--- Source data ---
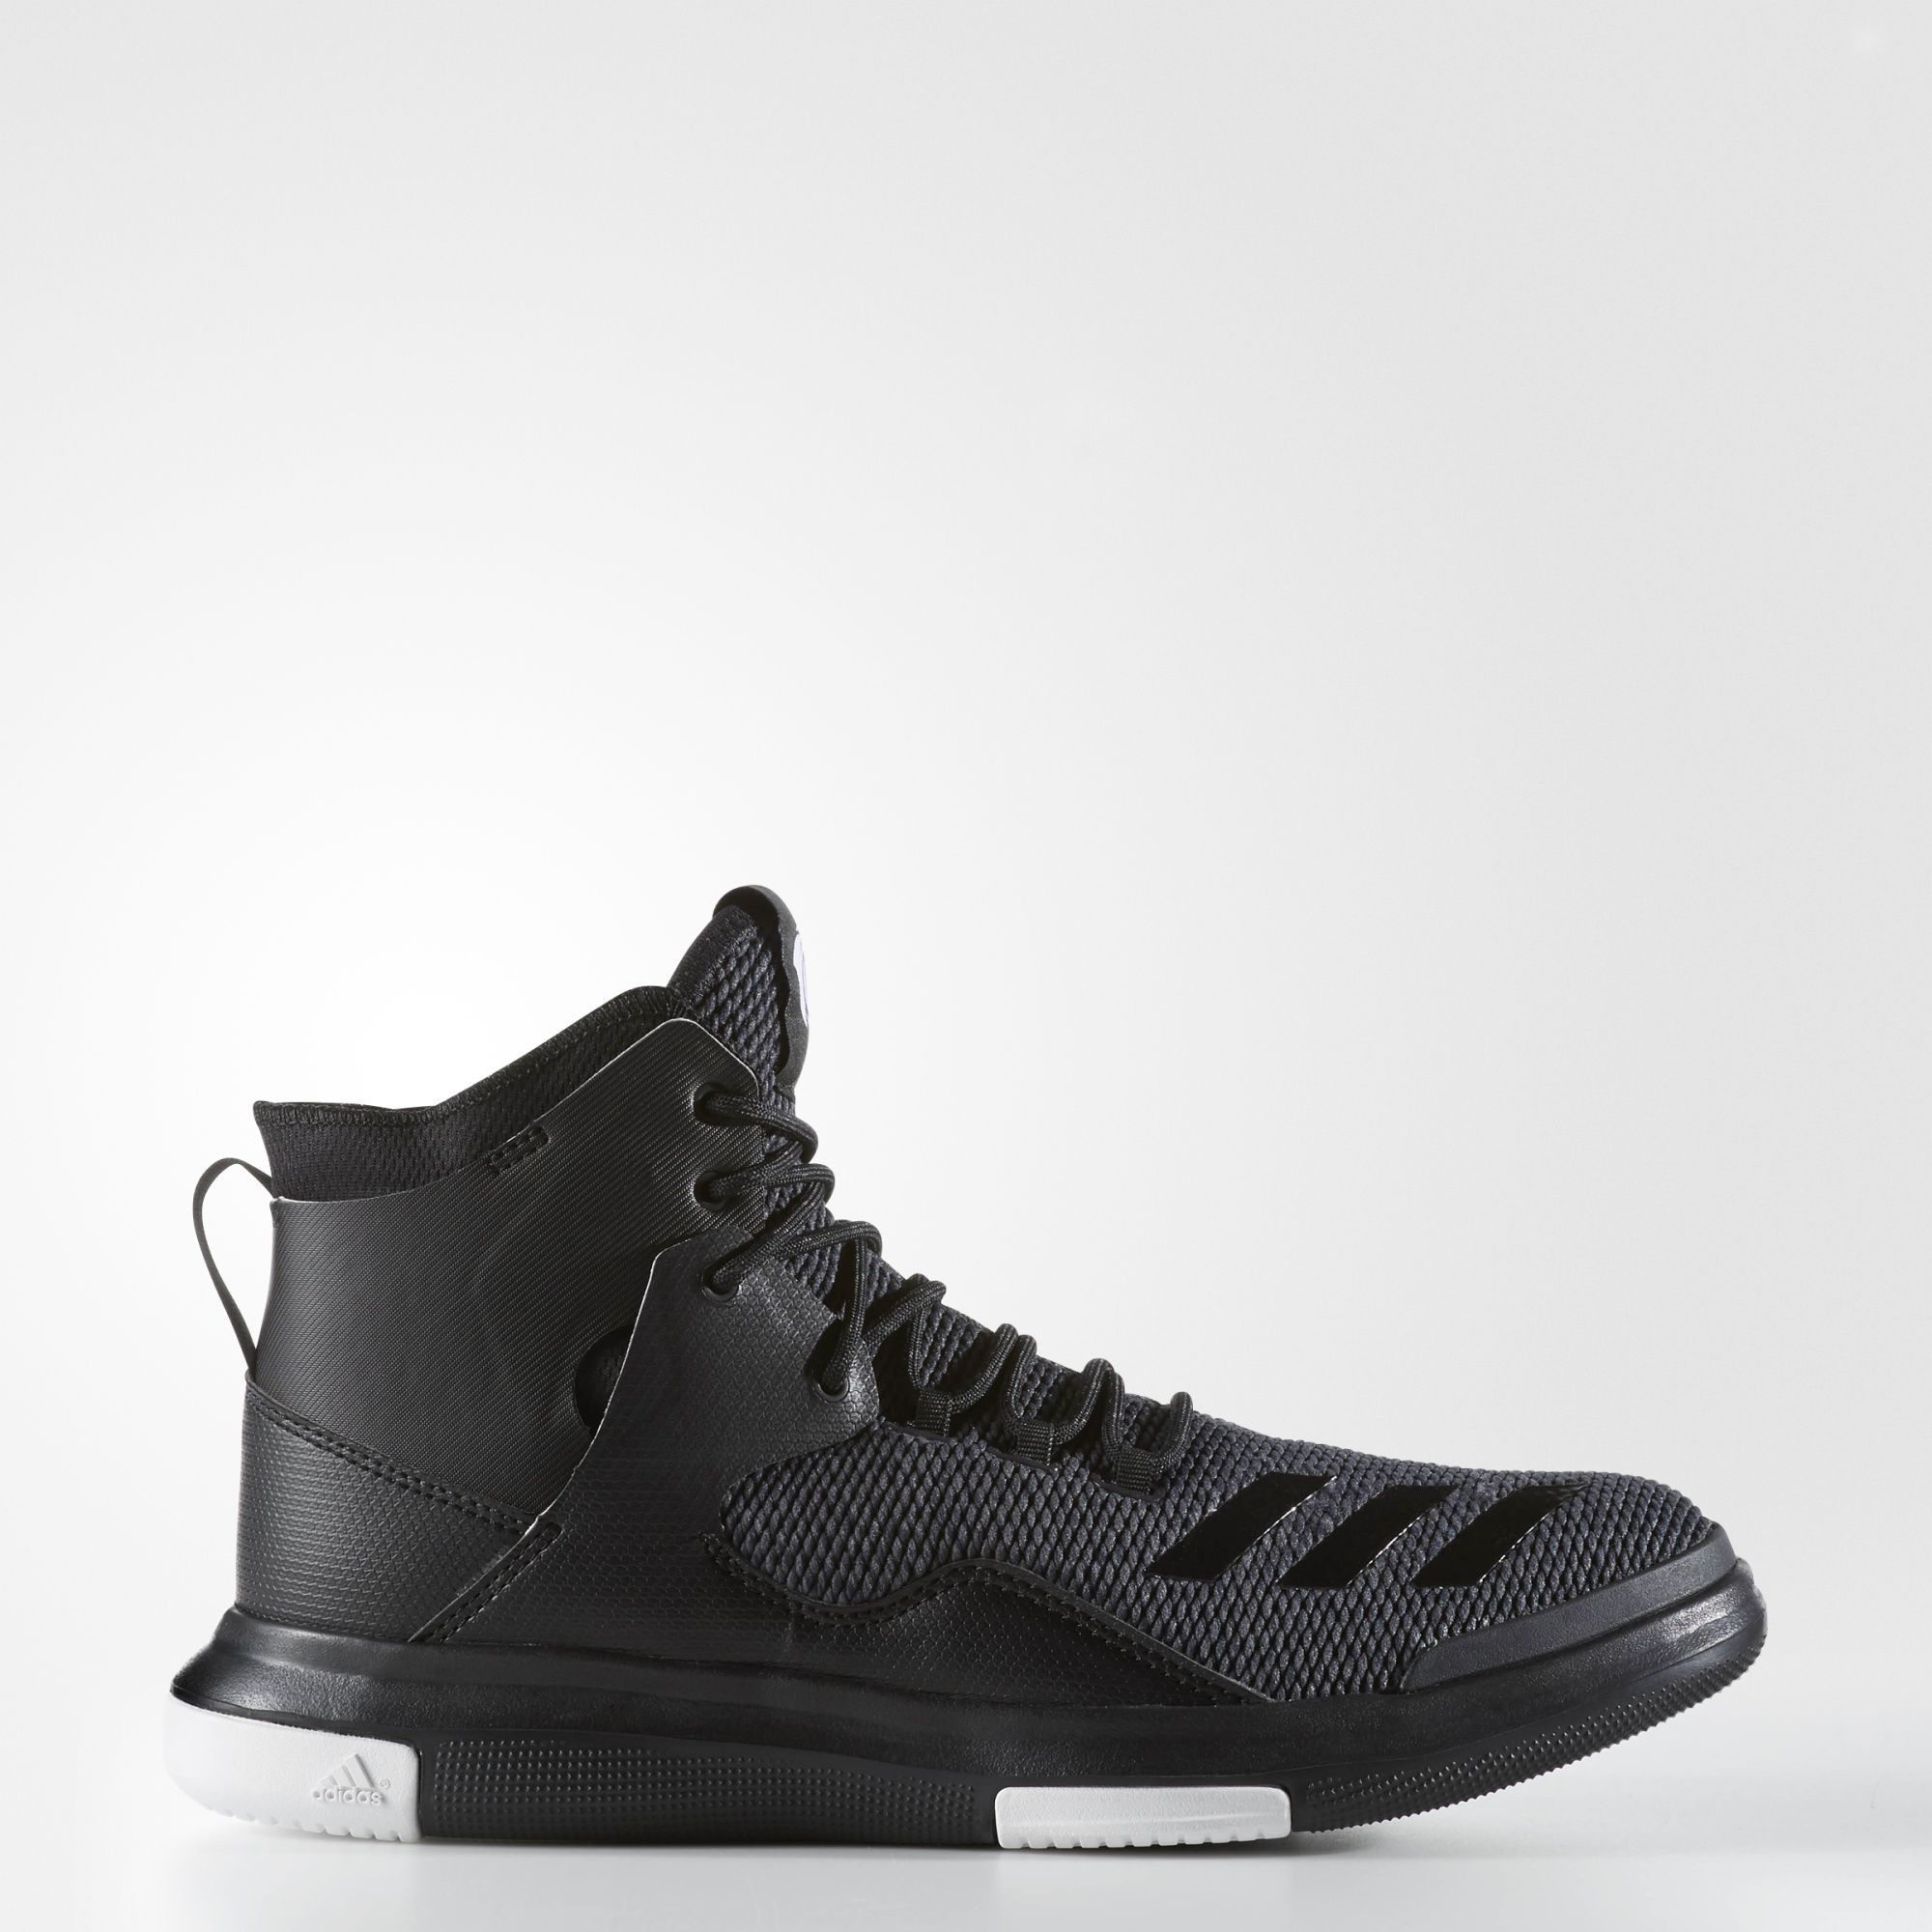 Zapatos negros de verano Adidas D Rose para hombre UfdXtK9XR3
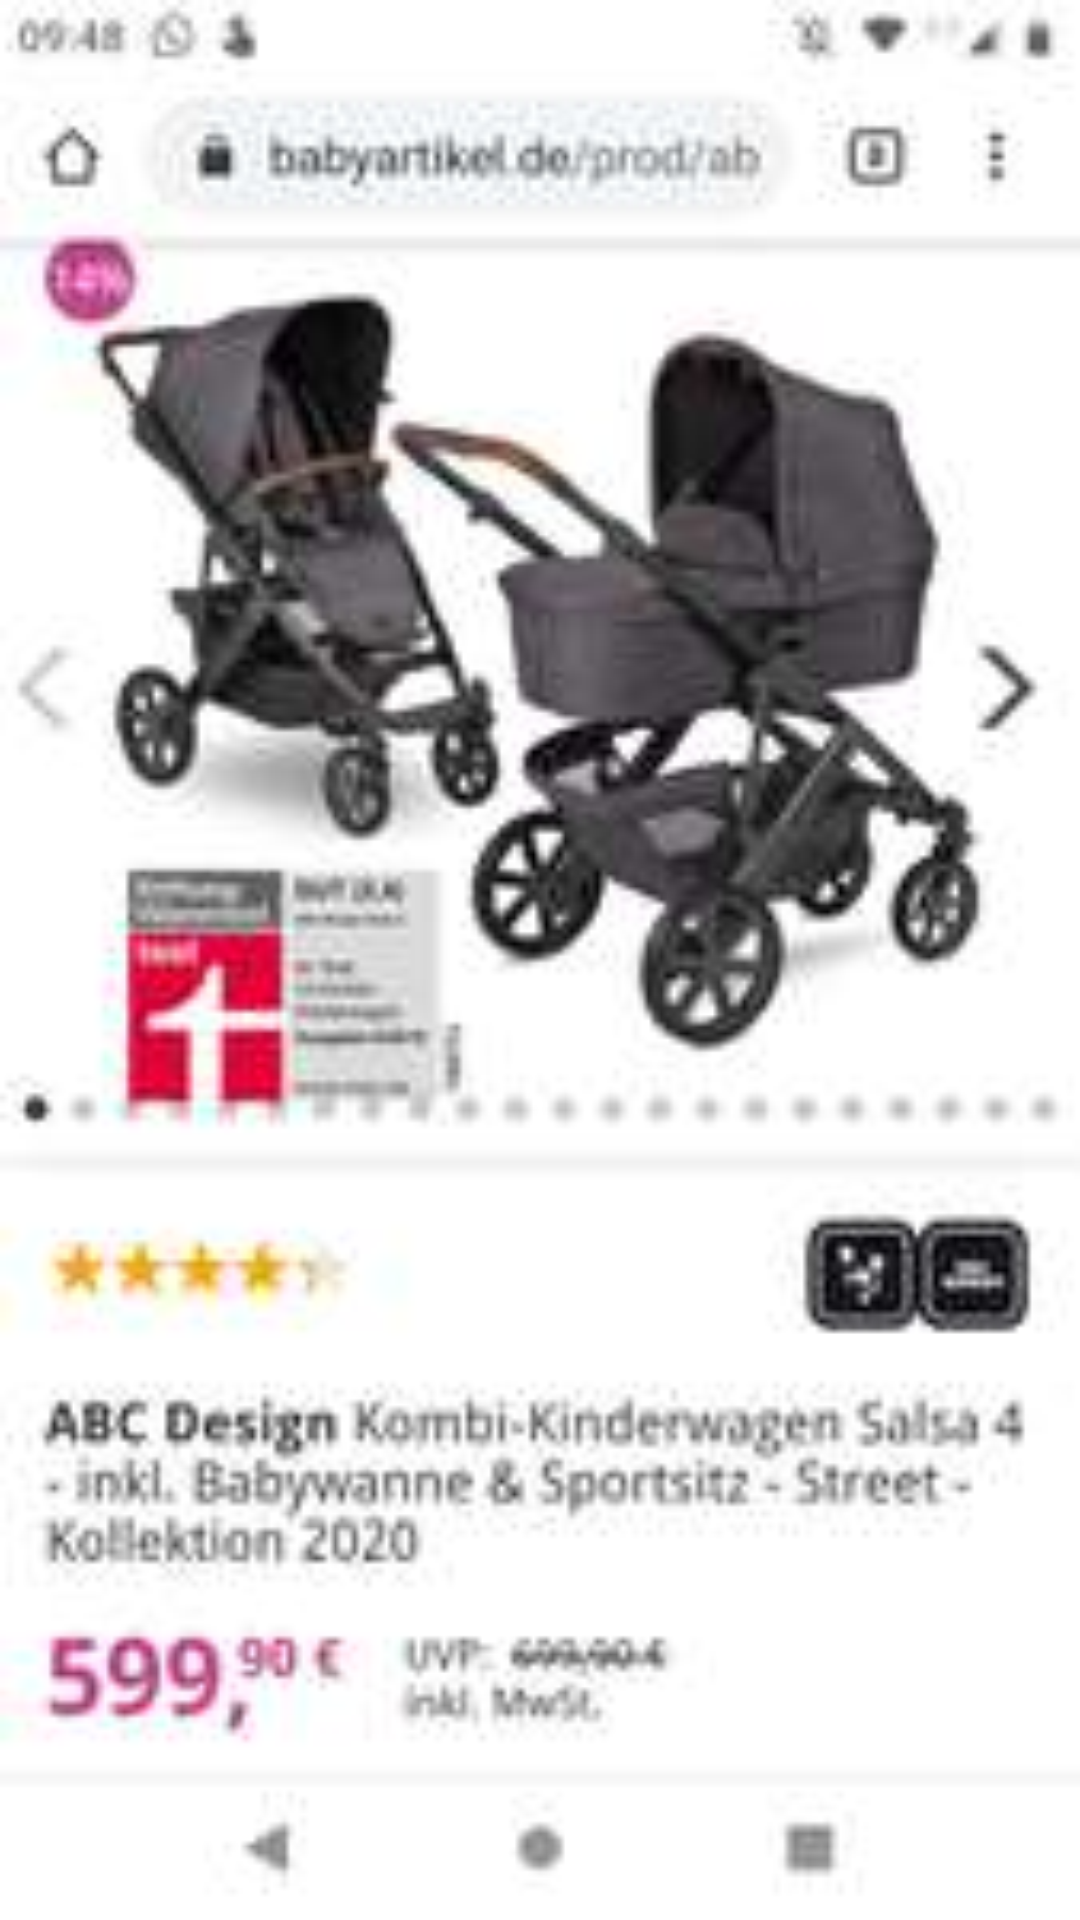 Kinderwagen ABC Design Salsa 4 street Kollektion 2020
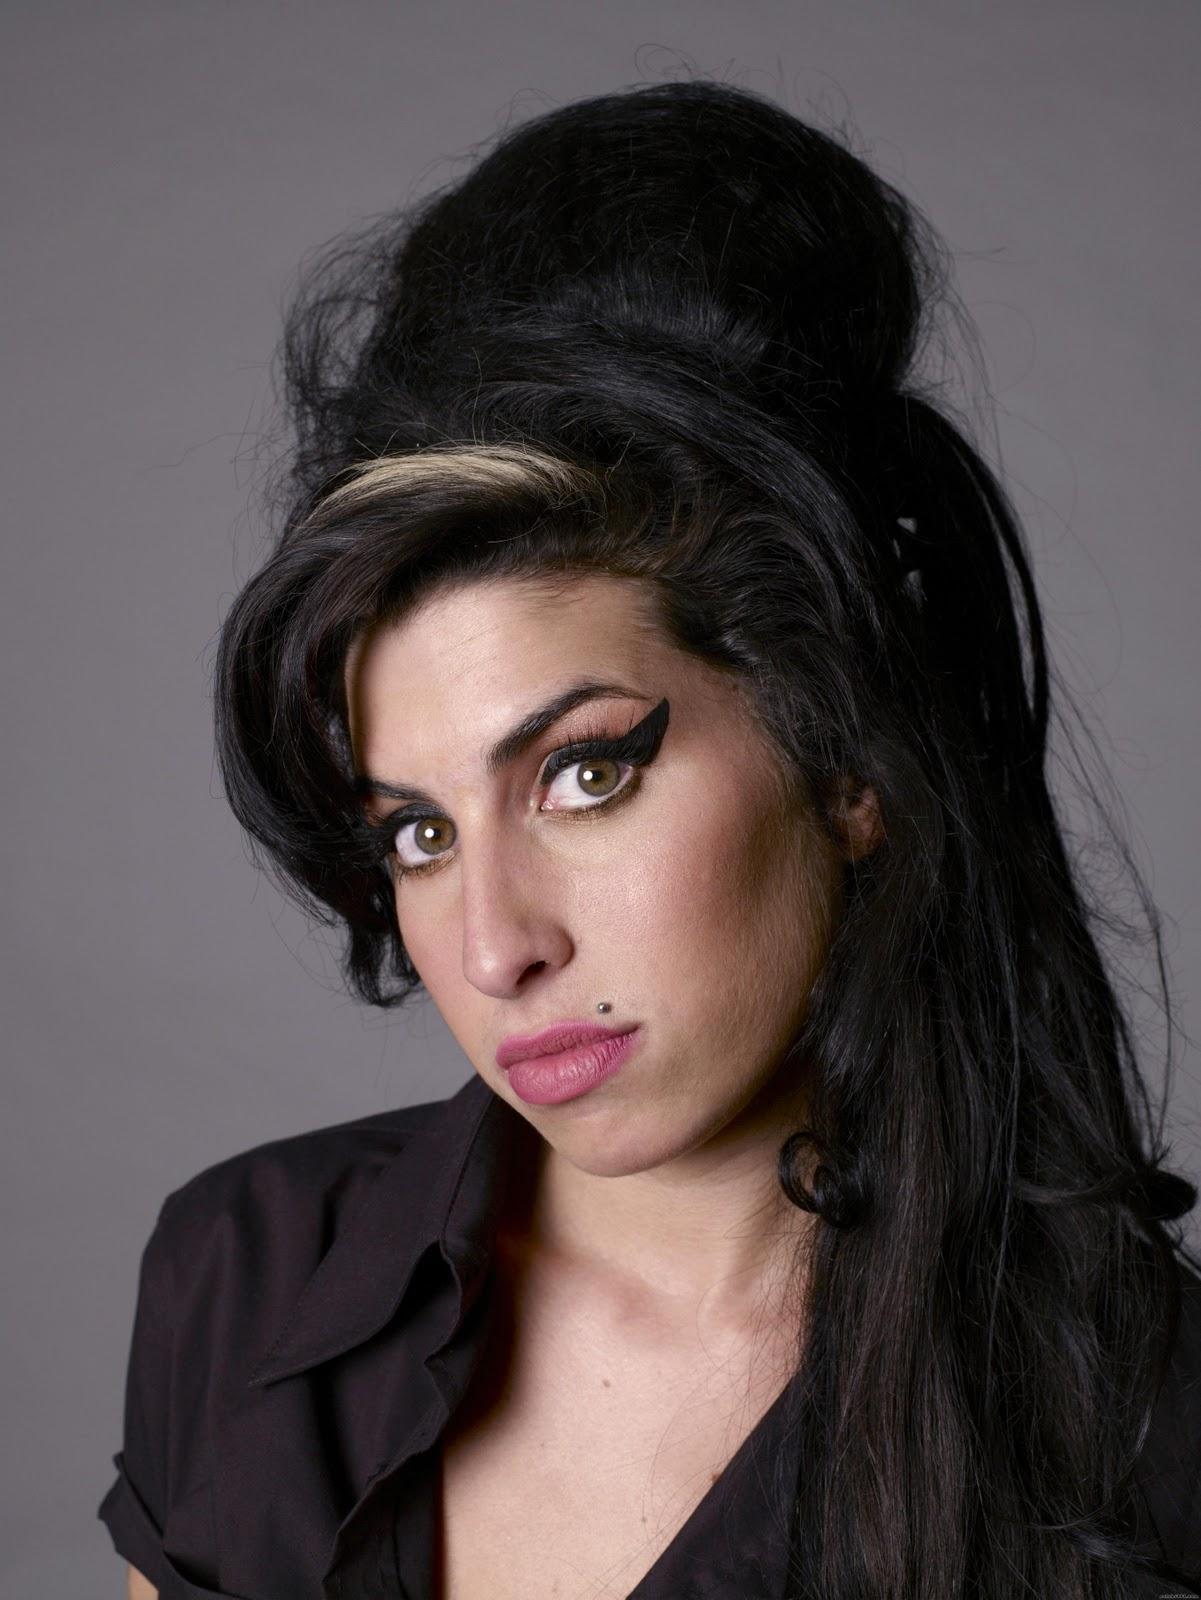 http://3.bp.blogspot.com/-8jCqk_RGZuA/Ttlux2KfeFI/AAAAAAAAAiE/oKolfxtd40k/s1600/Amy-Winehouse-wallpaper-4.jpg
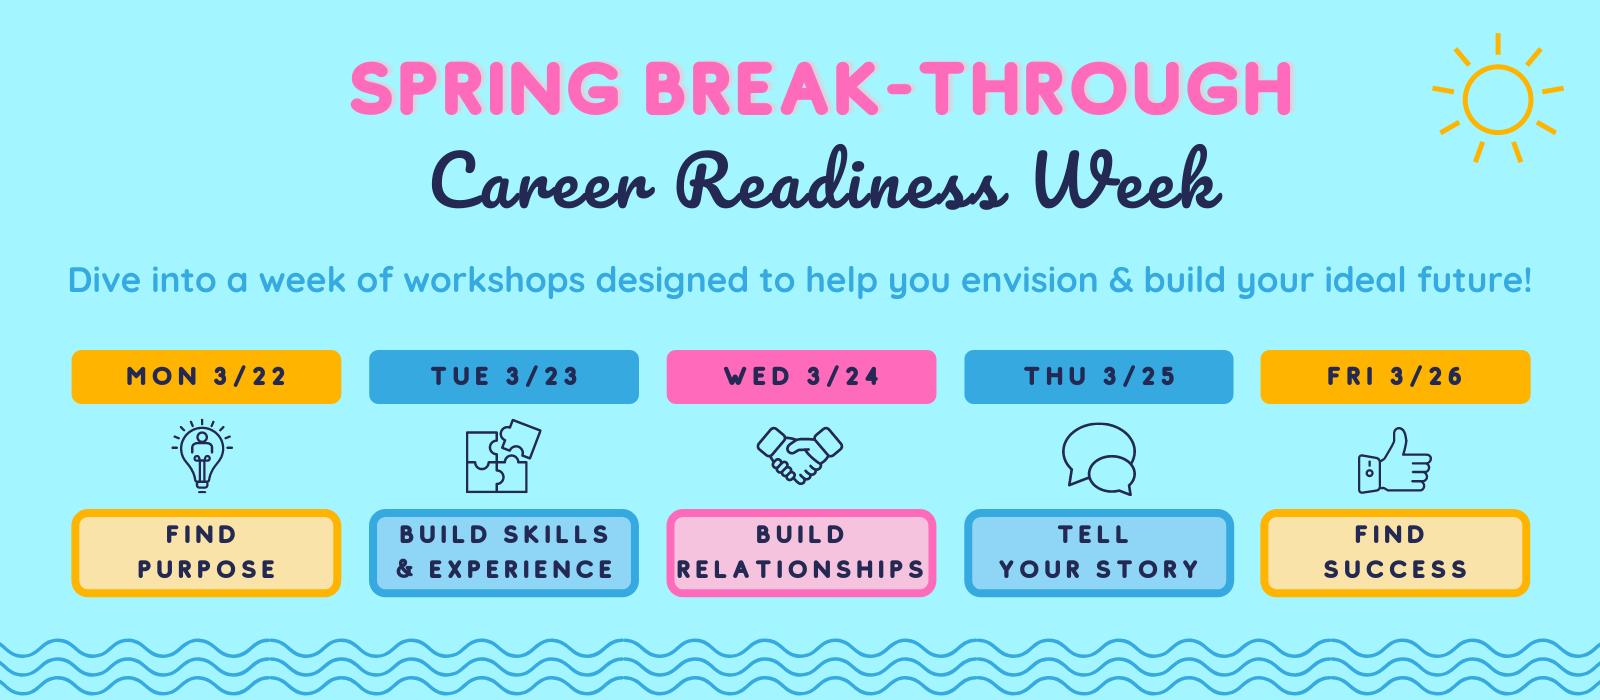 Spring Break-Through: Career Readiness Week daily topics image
---
Work to complete: Repeat the data word for word; drop the pictures.

Answer section:
 Zapatos negros de verano Adidas D Rose para hombre UfdXtK9XR3
 Kinderwagen ABC Design Salsa 4 street Kollektion 2020
 http://3.bp.blogspot.com/-8jCqk_RGZuA/Ttlux2KfeFI/AAAAAAAAAiE/oKolfxtd40k/s1600/Amy-Winehouse-wallpaper-4.jpg
 Spring Break-Through: Career Readiness Week daily topics image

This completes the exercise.